The telecommunications industry is the backbone of technological growth and digital transformation. While revenues in the telecom sector declined in the first half of 2020, owing to economic impact as a result of the pandemic, GSMA reported that recovery took place in the second half of the year with increased consumers and households acquiring integrated bundle services and high-speed connectivity becoming sought after across all rungs of society.
If anything, telcos have learnt in the past year that they need to support communities and enterprises to become more digital, using flexible and scalable approaches to cope with volatilities. As countries set sights on becoming digital economies, the telecommunications industry needs to jumpstart transformation from within, using artificial intelligence (AI) and tools like machine learning, deep learning and natural language processing (NLP) to capitalise on its connectivity capabilities and the vast amount of collected data to drive new business opportunities and seek growth.
Projected to reach US$13.45 billion by 2026, the global AI market value in the telecommunications industry is expected to grow at a CAGR of 49.8 percent from 2021. Within the sector, AI can be harnessed to bring about multi-pronged benefits to telcos.
Achieve optimised networks and operations
Any transformation must first begin from within. To ensure robust networks to support growing demand in IoT and connectivity, telcos can only stand to benefit from developing their network infrastructure. One such way is building self-optimising networks (SONs) to automatically improve network quality.
GSMA Intelligence estimates 8.6 billion mobile connections by 2025, up from 7.9 billion in 2020. Of which, two-thirds of the 600 million new connections will arise from APAC and Sub-Saharan Africa. When pressured to provide higher quality and faster networks, telcos can turn to AI applications and algorithms to manage their networks. Using AI-powered solutions, telcos can predict network congestions and address issues using historical data to prevent outages. For telcos, this means leveraging data to perform predictive analytics and anticipate failures based on past patterns.
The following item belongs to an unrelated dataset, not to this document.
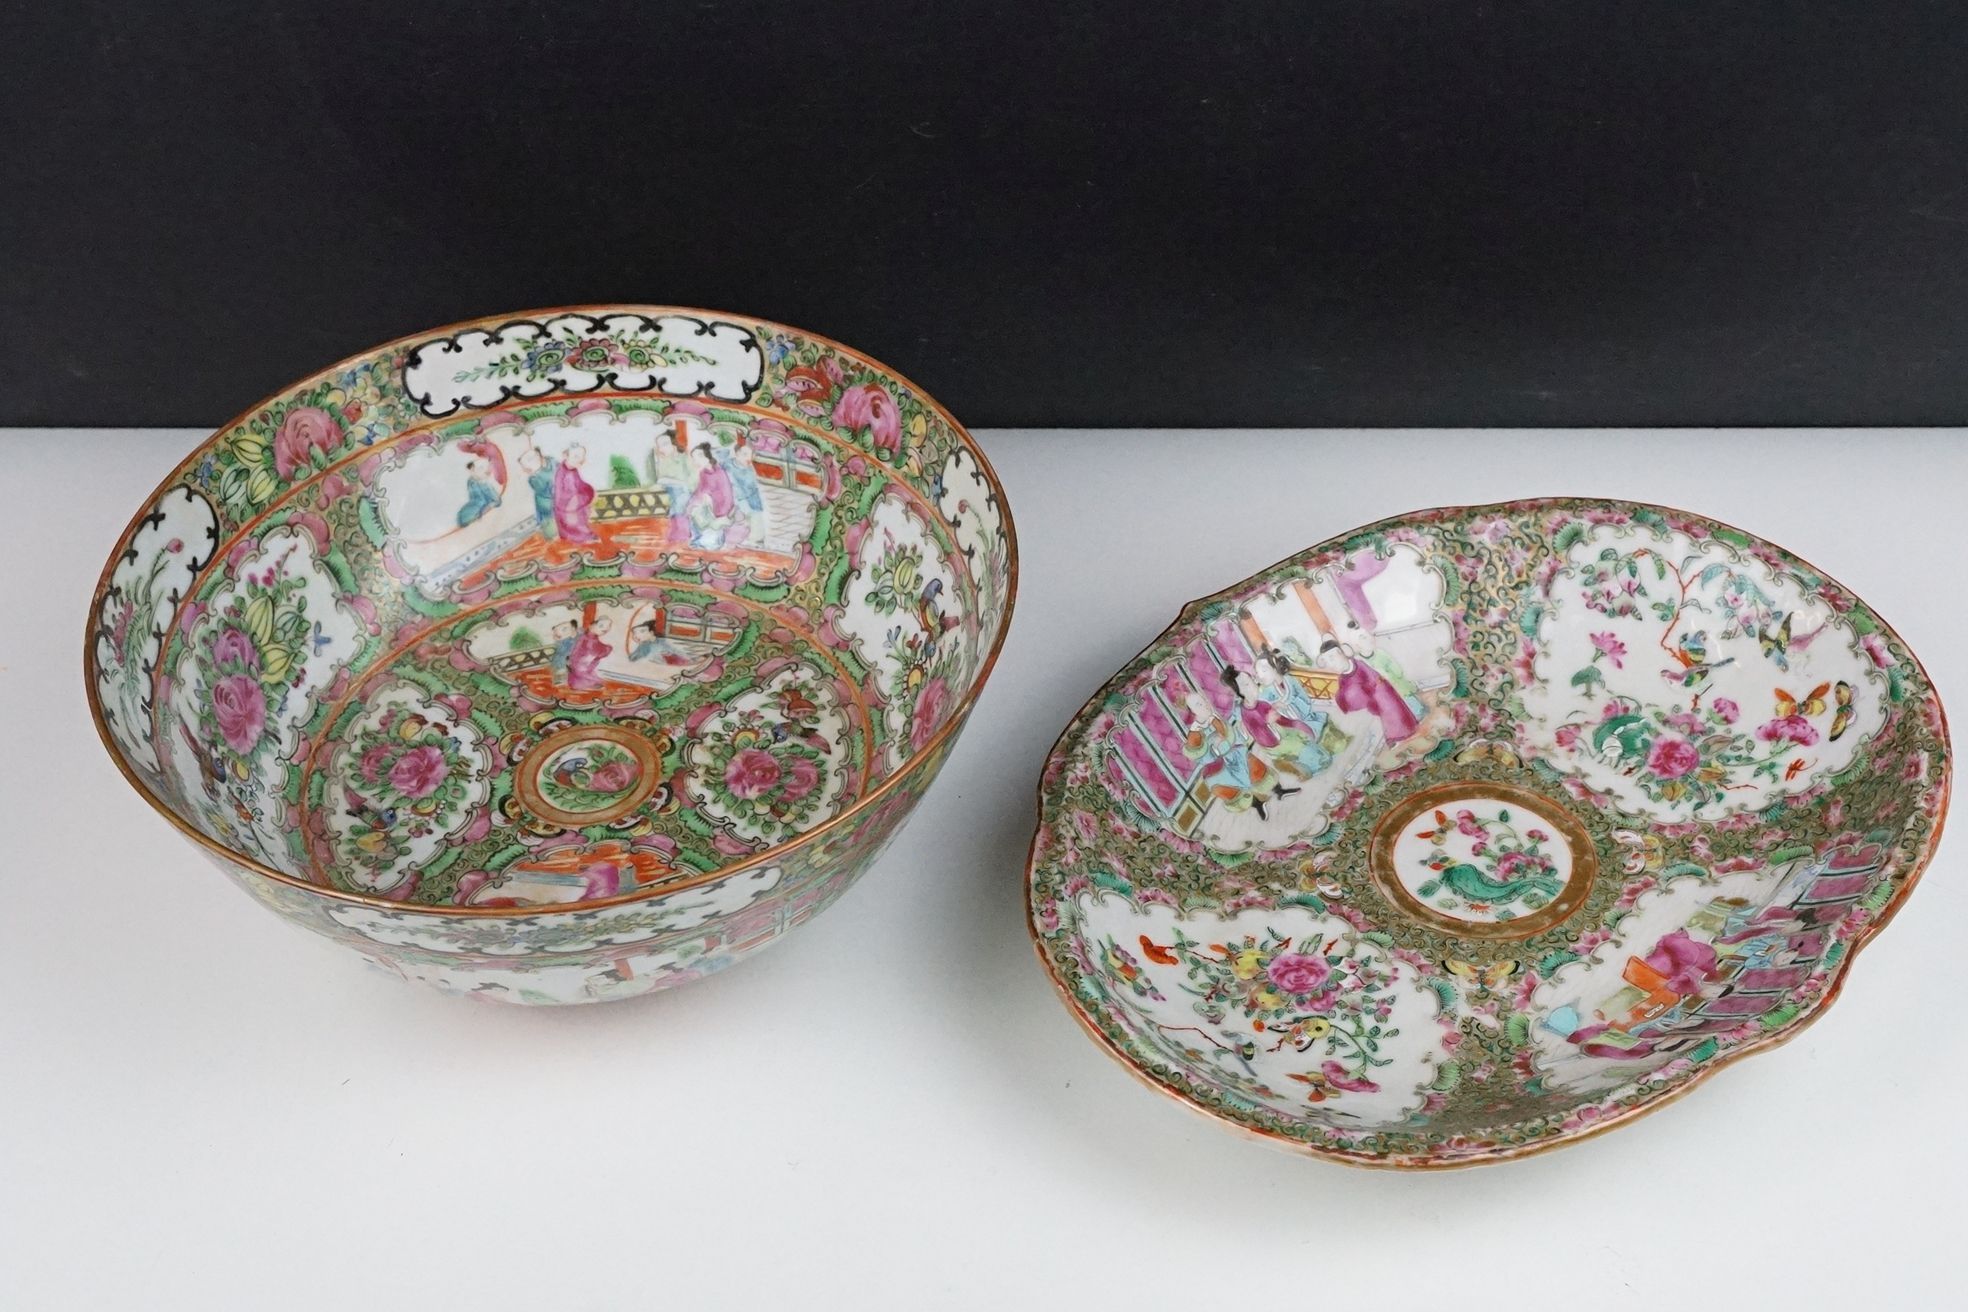 Chinese Cantonese Famille Rose Porcelain Bowl decorated with panels of figures and panels of exotic

Using AI-powered cameras, IoT sensors and machine learning, real-time monitoring and maintenance of mobile towers can also be carried out effectively and efficiently.
Improved customer service and marketing
Telcos are constantly challenged to improve customer services. In competitive telco landscapes where services are priced not too differently, a rewarding customer journey is what stands out. While humans have limited ability to make sense of the vast amount of data, AI and machine learning can make use of the same set of data to identify consumer behaviours and patterns to better predict and influence outcomes from every point of contact with a consumer. For instance, these tools can also be used to identify and divert customer service calls that can be easily resolved to eventually reduce service calls and operator costs.
Using intelligent virtual assistants or chatbots on AI-powered customer platforms can automate and conduct one-on-one conversations to provide maximum support at reduced business costs.
With prevalent low loyalty rates and high churn rates in the industry, telcos can leverage AI and automation to conduct churn analysis and predictions to map out strategies to achieve customer loyalty. Using algorithms, telcos can work on customers’ profiles to provide meaningful insights into consumers’ behaviours. This allows telcos to personalize customer journeys and deliver seamless customer experiences, providing custom products and services that lead to maximum uptake, and eventually revenue.
Conversational service automation (CSA) platforms tap on conversational AI, robotic process automation (RPA) and NLP to understand sentiments and manipulate human language to better handle communications and encourage upselling.
Reduced telecom fraud
According to the 2019 Cyber Telecom Crime Report by Europol and Trend Micro, global telecoms fraud costs the industry US$33 billion each year. Of which, International Revenue Share Fraud (IRSF) is the most common fraud scheme encountered. With accelerated digital adoption worldwide and the growing sophistication of cyber-attacks, this figure is expected to be on the rise. One way to counter such errant activities is using fraud management systems that perform real-time fraud detection via machine learning algorithms to mine historical fraudulent activities and detect anomalies and threats in the telecom network.
Essentially, data is king. In today’s data-driven landscape, telcos can seek growth opportunities by tapping on the power of data to drive insights across industries and their digitalisation trajectories. To stay abreast, telcos must develop future-proof solutions to spearhead transformation and generate growth, using analytics to make sense of future paths. For the telecommunications industry, accelerated AI adoption has become a necessity.